The rationale behind the statute was set forth in Hicks, in which our Supreme Court stated:

*350 The obvious purpose of this statute is to provide relief for a person who has sustained injury or property damage in an amount so small that, if he must pay his attorney out of his recovery, he may well conclude that it is not economically feasible to bring suit on his claim. In such a situation the Legislature apparently concluded that the defendant, though at fault, would have an unjustly superior bargaining power in settlement negotiations. . . . This statute, being remedial, should be construed liberally to accomplish the purpose of the Legislature and to bring within it all cases fairly falling within its intended scope.

Id. at 239, 200 S.E.2d at 42.

In 1967, N.C. Gen. Stat. § 6-21.1 was amended so as to apply to actions brought against a named defendant insurance company by an insured or beneficiary under a policy issued by the defendant insurer. In order to recover against an insurance company, however, the amendment required that the trial court first find “an unwarranted refusal by the defendant insurance company to pay the claim which constitutes the basis of such suit. ...” Id. Our appellate courts have uniformly held that a finding of unwarranted refusal to pay a claim is required only in suits brought by an insured or a beneficiary against an insurance company defendant. See Rogers v. Rogers, 2 N.C. App. 668, 672, 163 S.E.2d 645, 648-49 (1968); see also Yates Motor Co. v. Simmons, 51 N.C. App. 339, 343, 276 S.E.2d 496, 498, disc. review denied, 303 N.C. 320, 281 S.E.2d 660 (1981). In the case subjudice, an insurance company was not a named defendant, hence there was no requirement that the trial court make an “unwarranted refusal” finding in order to award attorney fees.

Defendant argues that the trial court abused its discretion in awarding attorney fees in any amount to the plaintiffs’ counsel. Defendant alleged in her 19 February 1998 motion for reconsideration of the attorney fees award that plaintiffs were offered a total of $10,402.00 prior to institution of the action but refused the offer. The record also indicates an offer of judgment to each of the plaintiffs on 14 March 1997 in the total amount of $5,573.21. Plaintiffs did not accept those offers. Defendant also alleges that she entered into mediation on 25 September 1997 in good faith and then offered the plaintiffs the total sum of $8,004.00 on 26 September 1997, which plaintiffs rejected. Defendant also alleged that the plaintiffs made excessive settlement demands ranging from $30,000.00 to $50,000.00 prior to verdict.

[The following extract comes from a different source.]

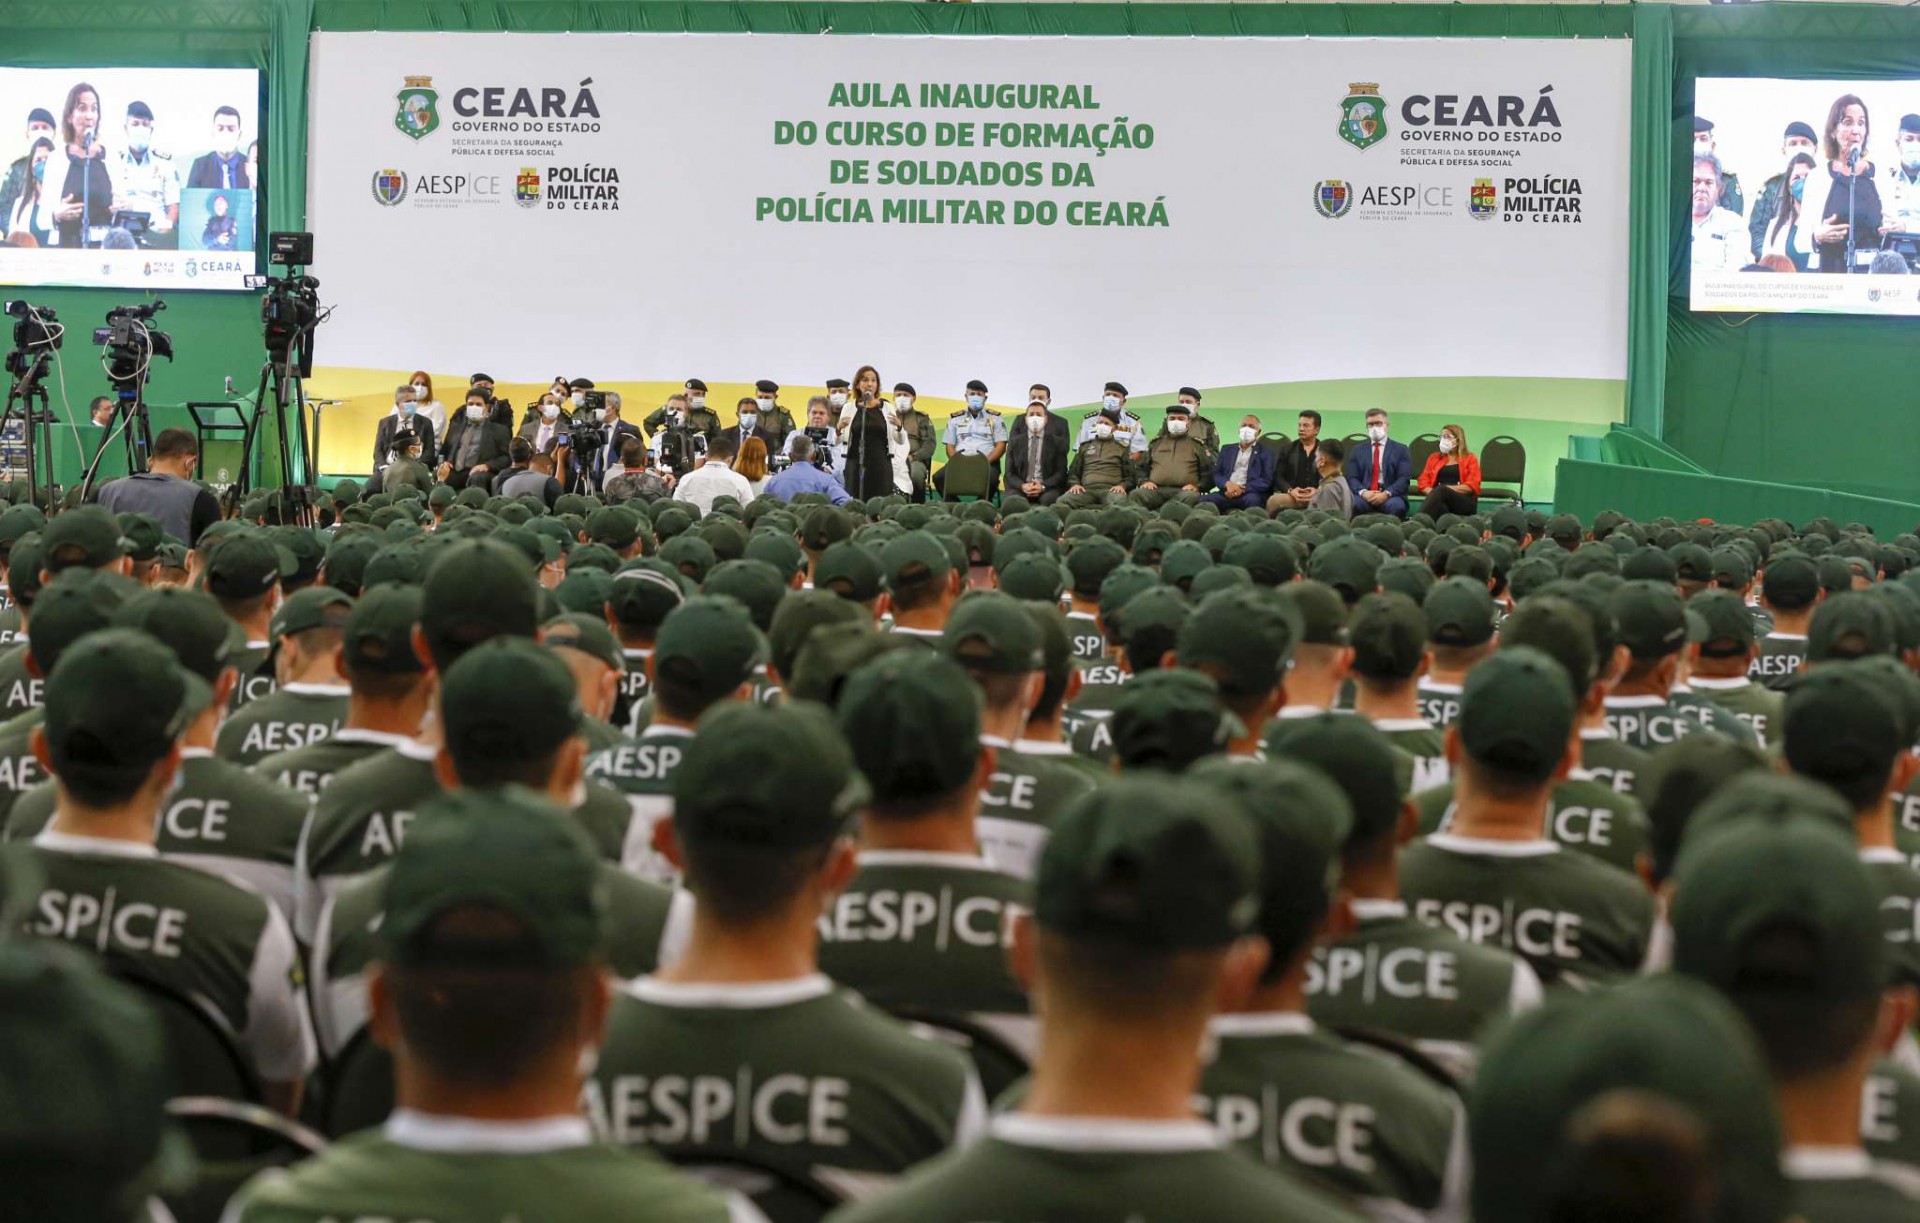  2.400 alunos começam nesta quarta-feira, 22, Curso de Formação de Soldados da Polícia Militar do Ceará

*351 The allowance of attorney fees is in the discretion of the presiding judge, and may be reversed only for abuse of discretion. McDaniel v. N.C. Mutual Life Ins. Co., 70 N.C. App. 480, 483, 319 S.E.2d 676, 678, disc. review denied, 312 N.C. 84, 321 S.E.2d 897 (1984). After a careful review of the record, we conclude that the award of attorney fees must be reversed and remanded to the trial court for reconsideration after a full hearing on the issues raised by defendant’s motion to reconsider. First, we note that the trial court neither received evidence nor heard arguments on the defendant’s motion for reconsideration, although that motion raised several issues which should have been resolved by the trial court in order that it might properly exercise its discretion in awarding attorney fees. Second, the trial court finds that an offer of judgment was made in September 1997, but makes no findings about the earlier offers of judgment in March 1997. Third, there is no finding about the fee arrangement between plaintiffs and their counsel. Finally, we note that in its judgment the trial court makes certain findings and then makes its attorney fee award “as a matter of law,” rather than in the exercise of its discretion.

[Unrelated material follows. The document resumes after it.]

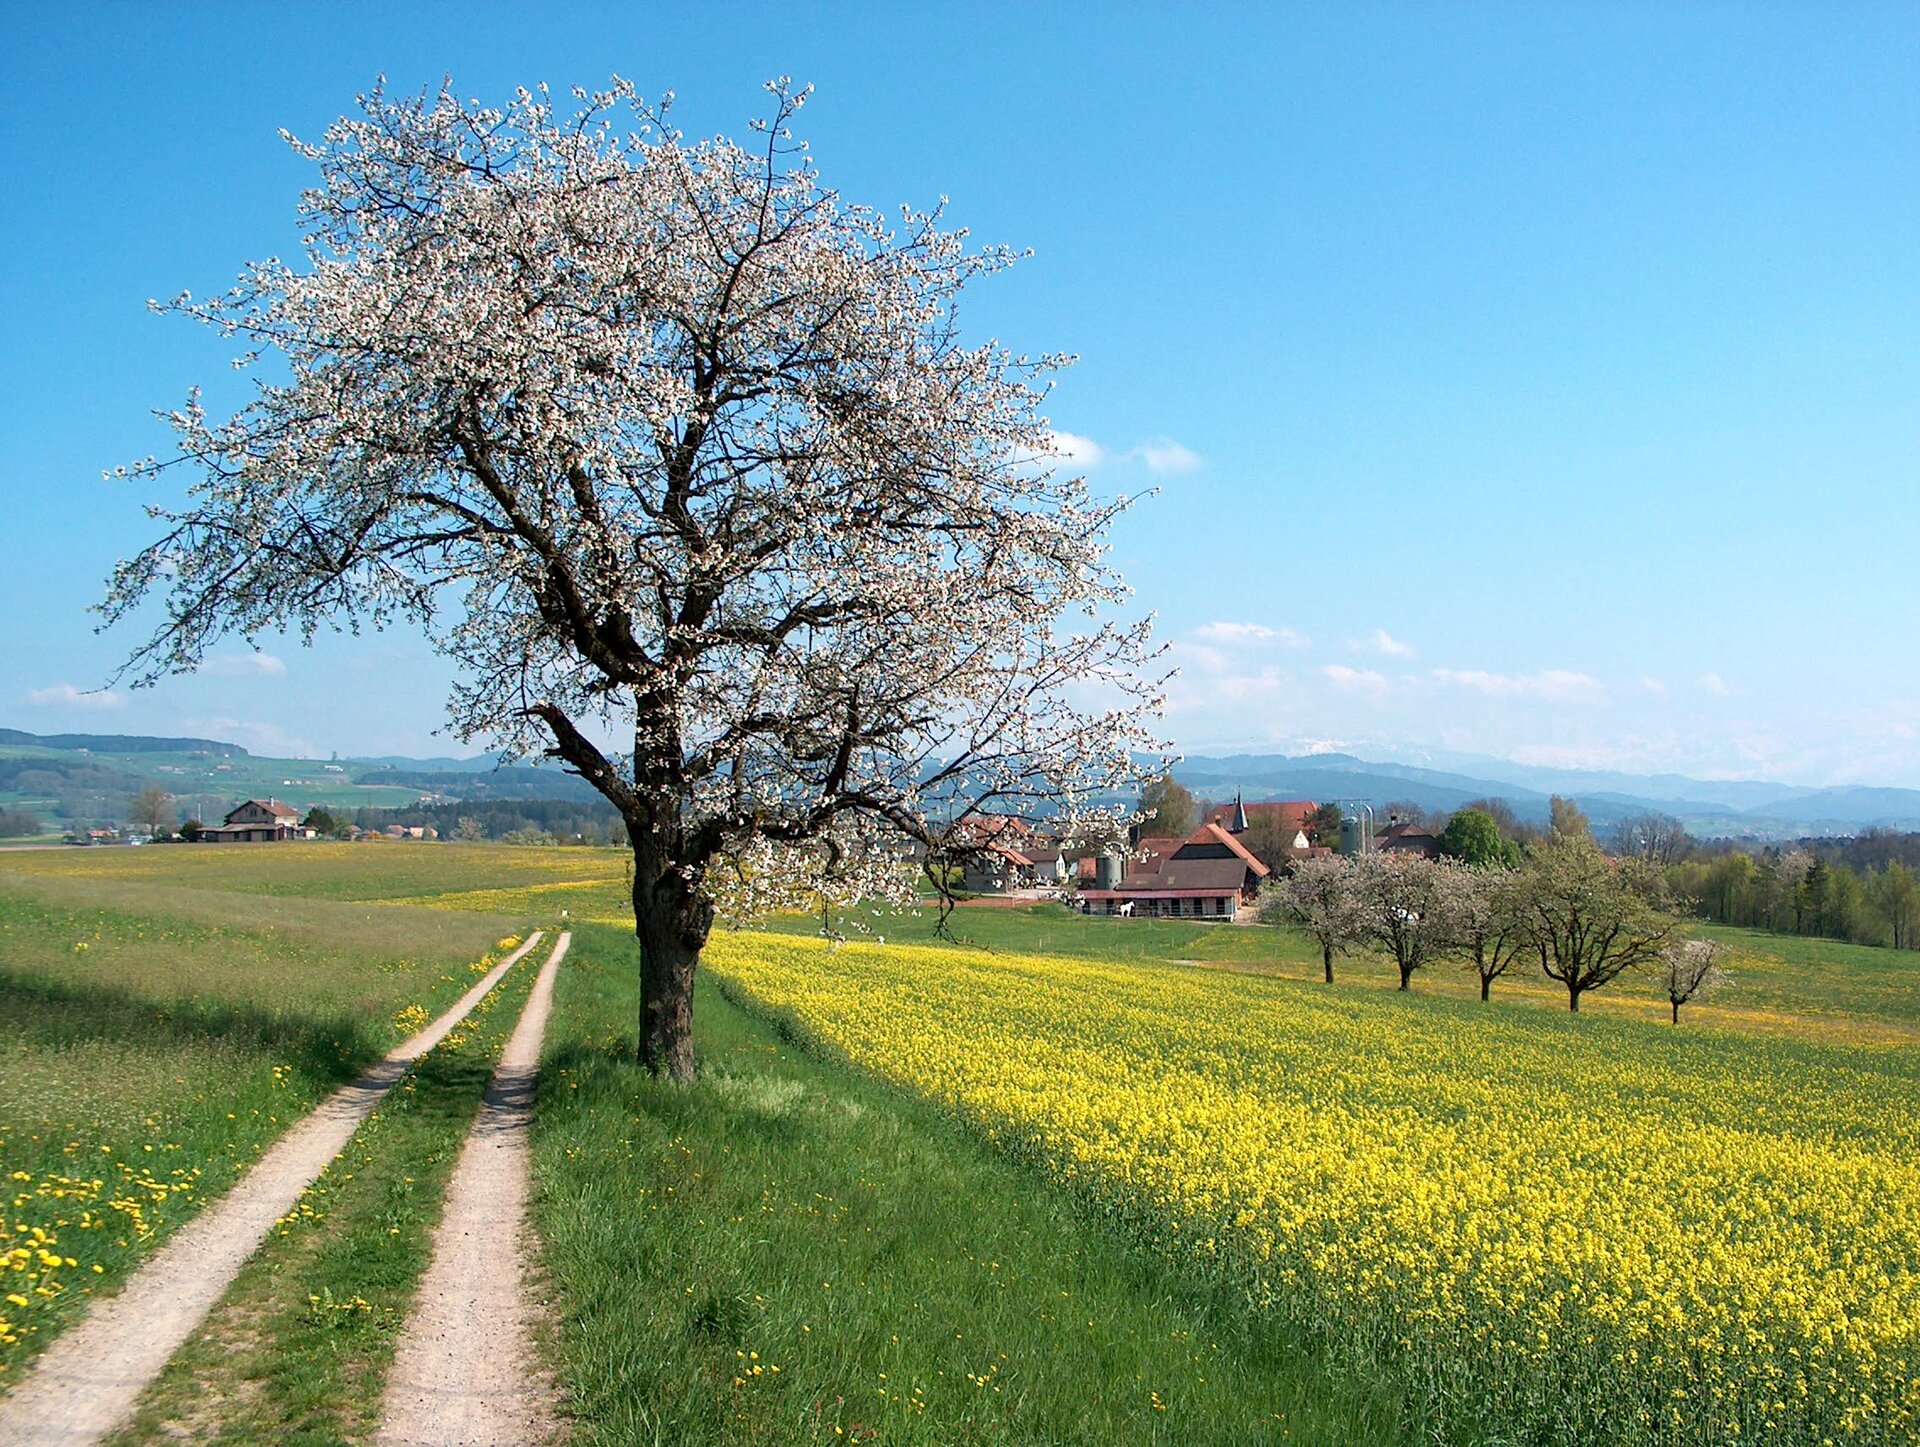 Krajobraz wiosenny Źródło: Benjamin Gimmel, Krajobraz wiosenny, 2004, licencja: CC BY-SA 3.0.

The discretion accorded the trial court in awarding attorney fees pursuant to N.C. Gen. Stat. § 6-21.1 is not unbridled. On remand, the trial court is to consider the entire record in properly exercising its discretion, including but not limited to the following factors: (1) settlement offers made prior to the institution of the action [“If a party wishes to avoid payment of attorney fee in cases to which G.S. 6-21.1 may be applicable, he should make his offer of settlement before the suit is instituted.” Hicks v. Albertson, 18 N.C. App. 599, 601, 197 S.E.2d 624, 625, aff'd, 284 N.C. 236, 200 S.E.2d 40 (1973)]; (2) offers of judgment pursuant to Rule 68, and whether the “judgment finally obtained” was more favorable than such offers [Poole v. Miller, 342 N.C. 349, 352, 464 S.E.2d 409, 411 (1995), reh’g denied, 342 N.C. 666, 467 S.E.2d 722 (1996)]; (3) whether defendant unjustly exercised “superior bargaining power” [Hicks, 284 N.C. at 239, 200 S.E.2d at 42]; (4) in the case of an unwarranted refusal by an insurance company, the “context in which the dispute arose.” [Benton v. Thomerson, 113 N.C. App. 293, 296, 438 S.E.2d 434, 437 (1994), rev’d on other grounds, 339 N.C. 598, 453 S.E.2d 161 (1995)]; (5) the timing of settlement offers [Hicks, 284 N.C. at 241, 200 S.E.2d at 43]; (6) the amounts of the settlement offers as compared to the jury verdict [Benton, 113 N.C. App. at 298, 438 S.E.2d at 437-38]; and the whole record [see Hillman, 59 N.C. App. at 155, 296 S.E.2d at 309].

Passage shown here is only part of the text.